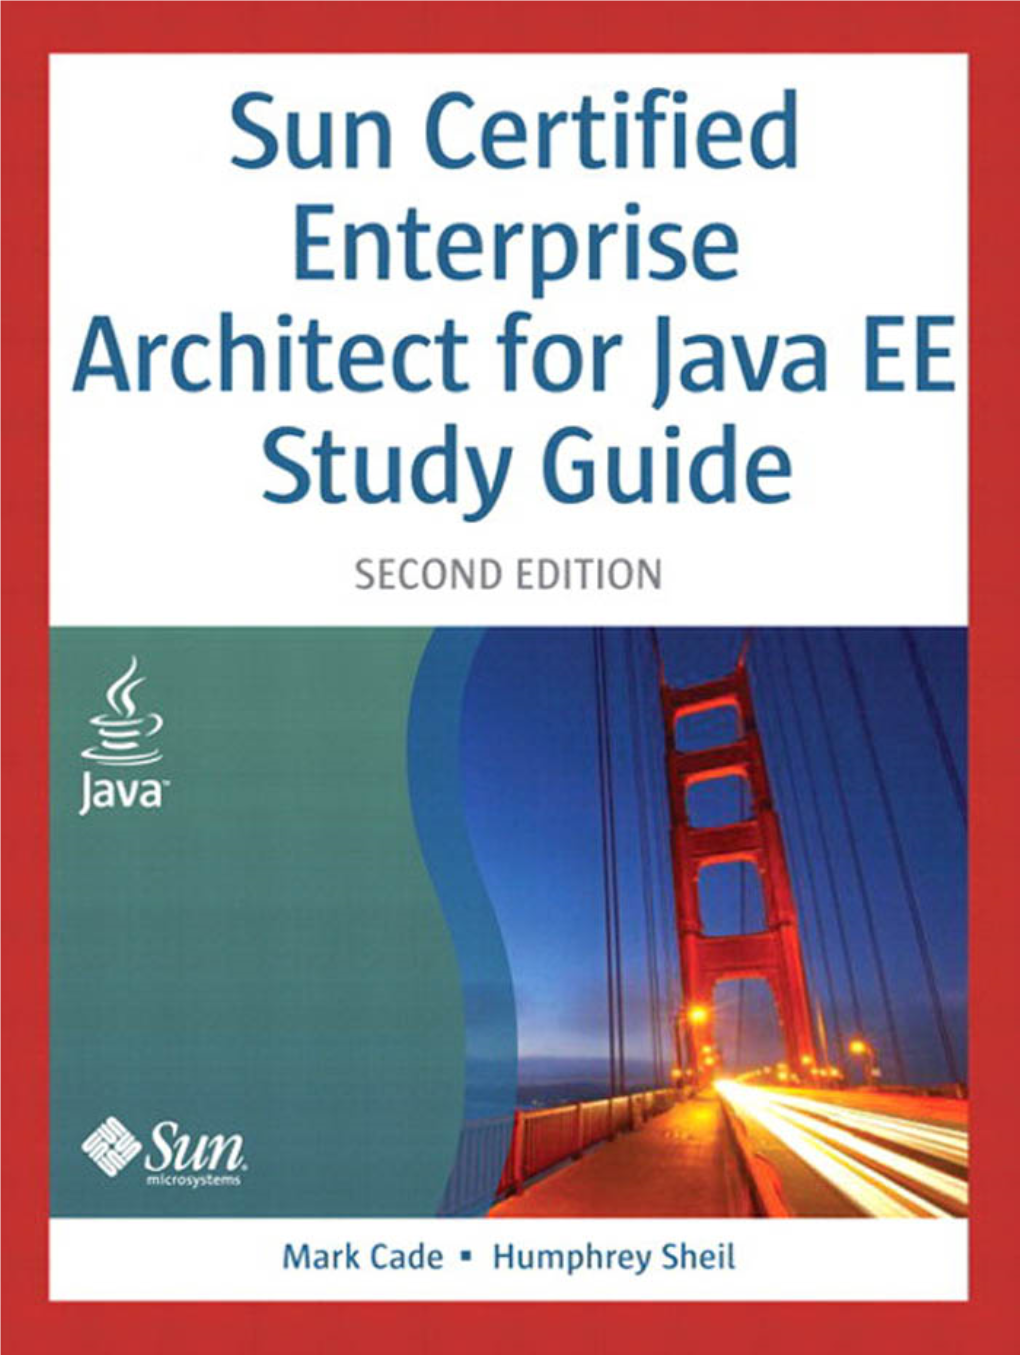 Sun Certified Enterprise Architect for Java EE Study Guide / Mark Cade, Humphrey Sheil
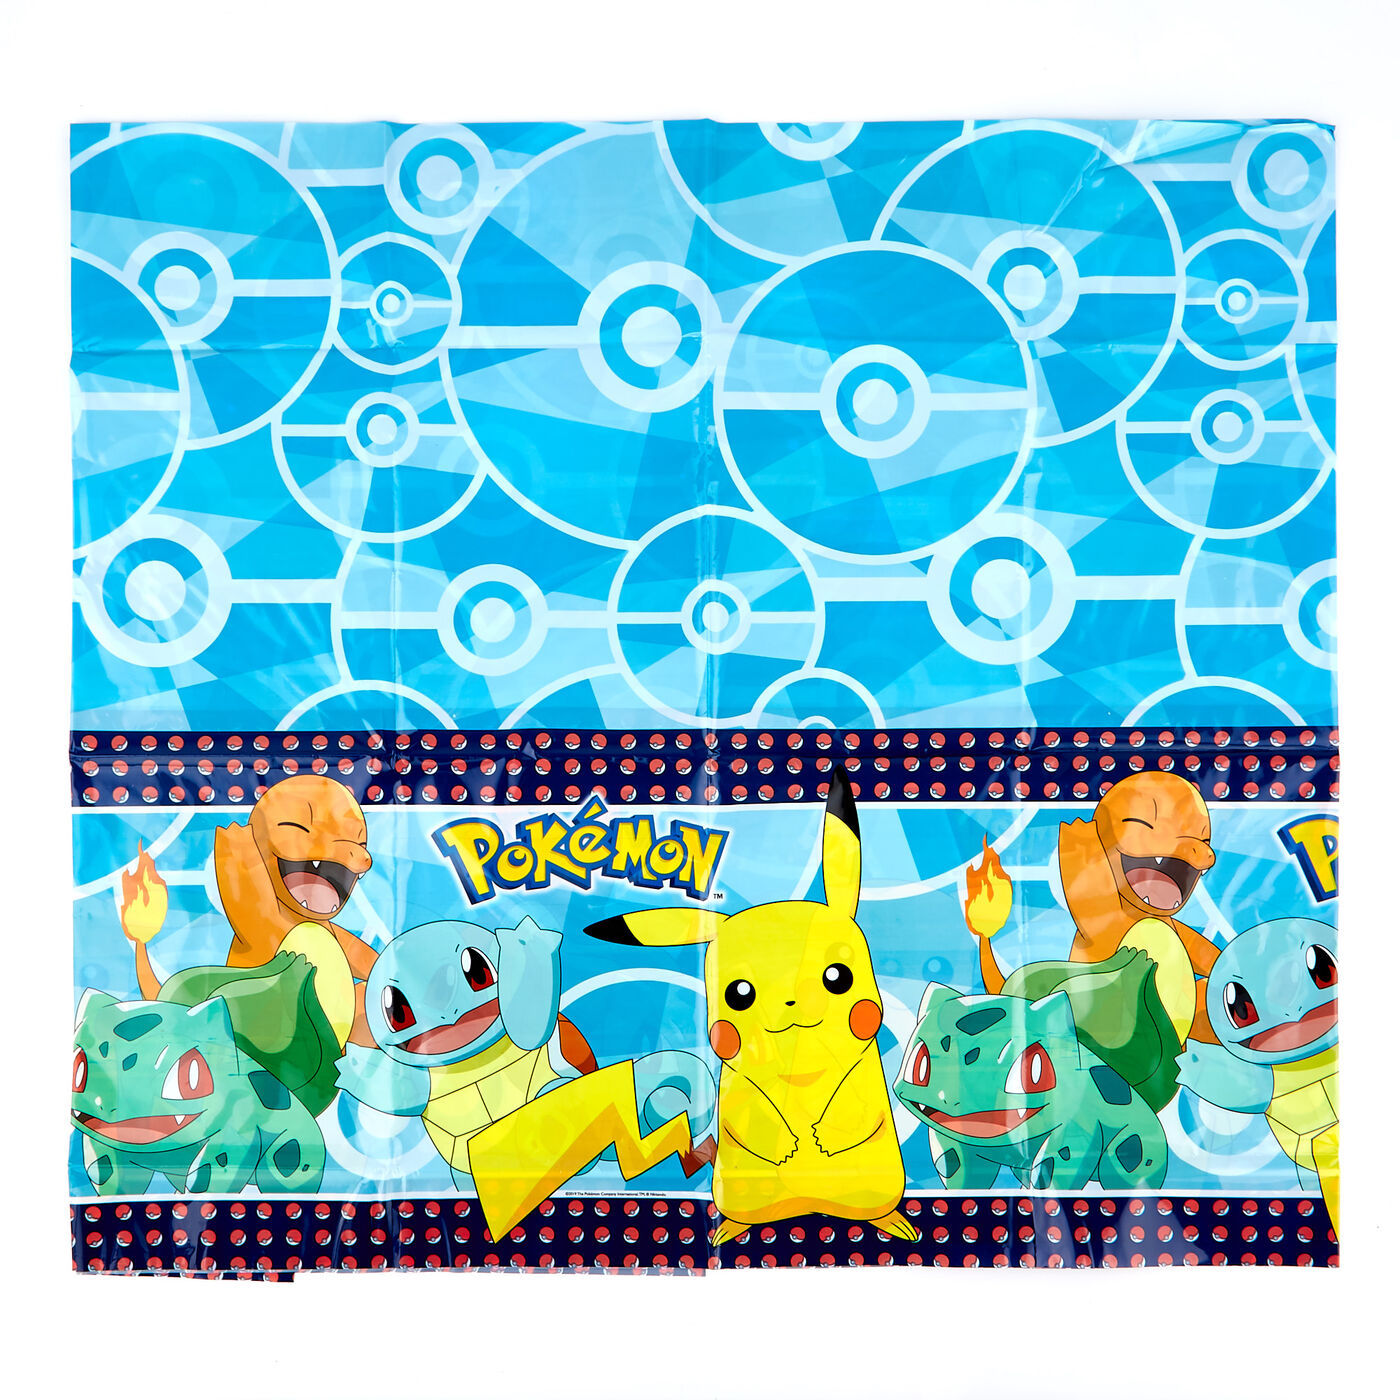  Pokémon Party Supplies and Decoration Pack Serves 16
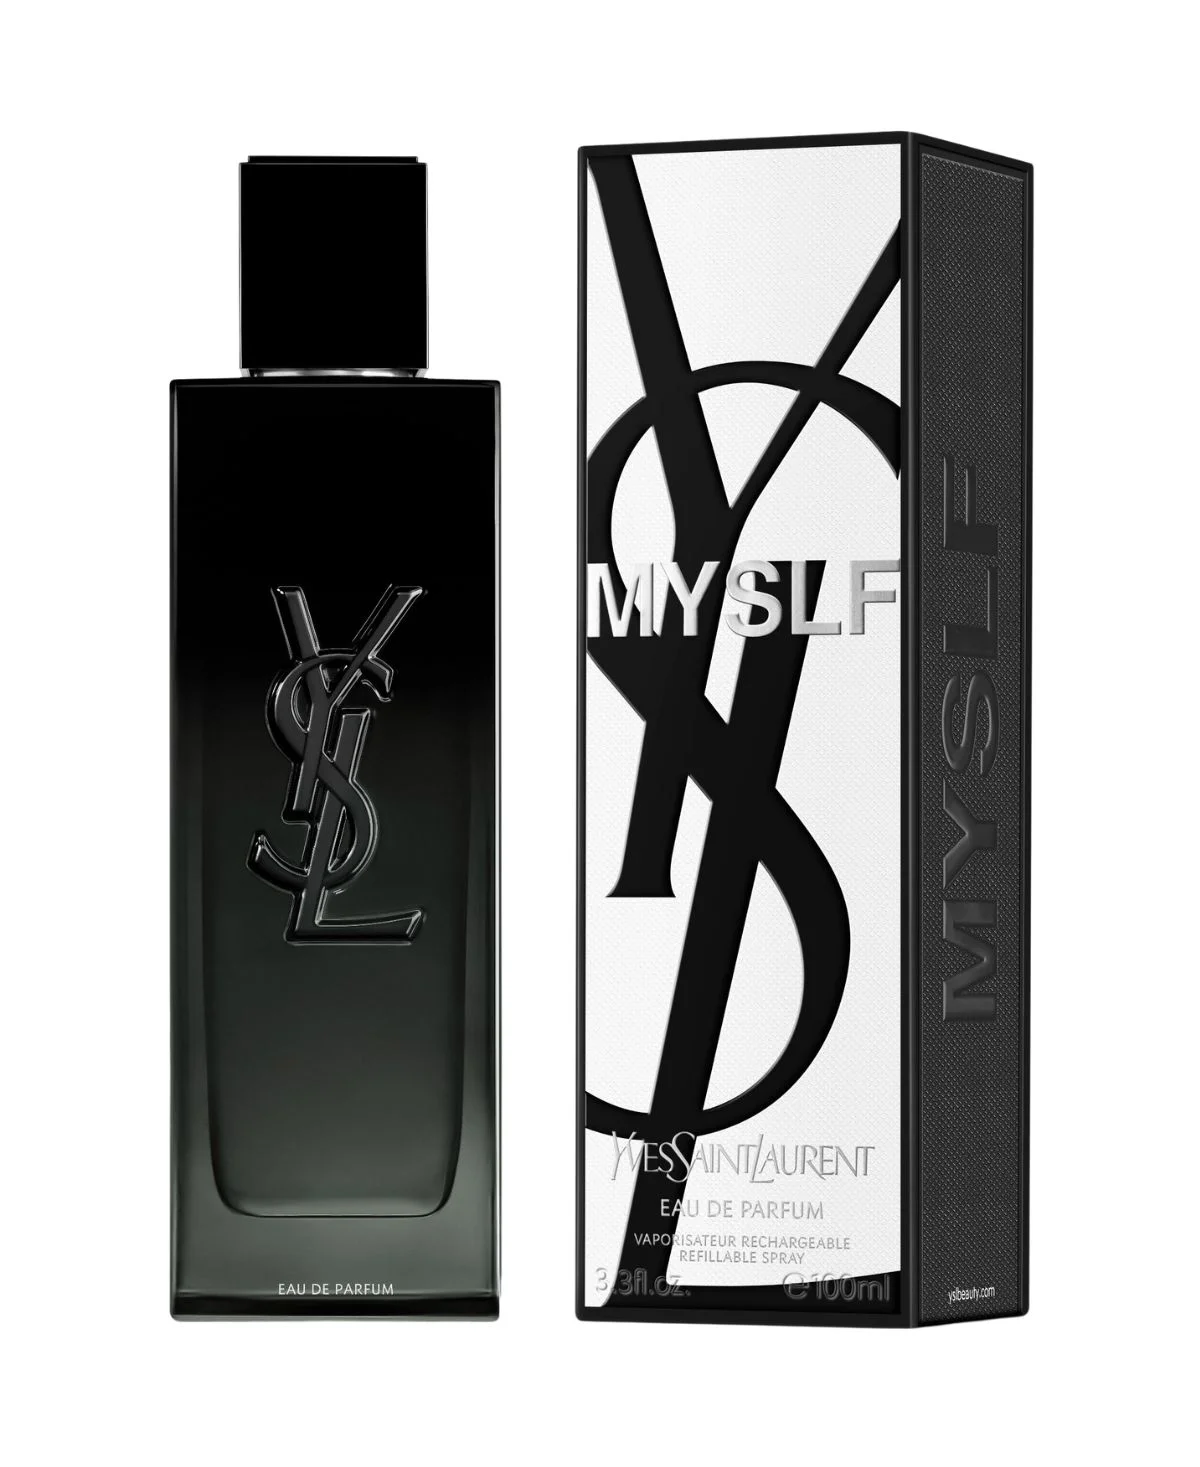 Yves Saint Laurent MYSLF for Men Eau de Parfum (EDP) Spray 3.4 oz (100 ml) 3614273852814

###

Task instructions → Please print the material exactly as given above, omitting the pictures.

Response to the task →
 Sun Certified Enterprise Architect for Java EE Study Guide / Mark Cade, Humphrey Sheil
  Pokémon Party Supplies and Decoration Pack Serves 16
 Yves Saint Laurent MYSLF for Men Eau de Parfum (EDP) Spray 3.4 oz (100 ml) 3614273852814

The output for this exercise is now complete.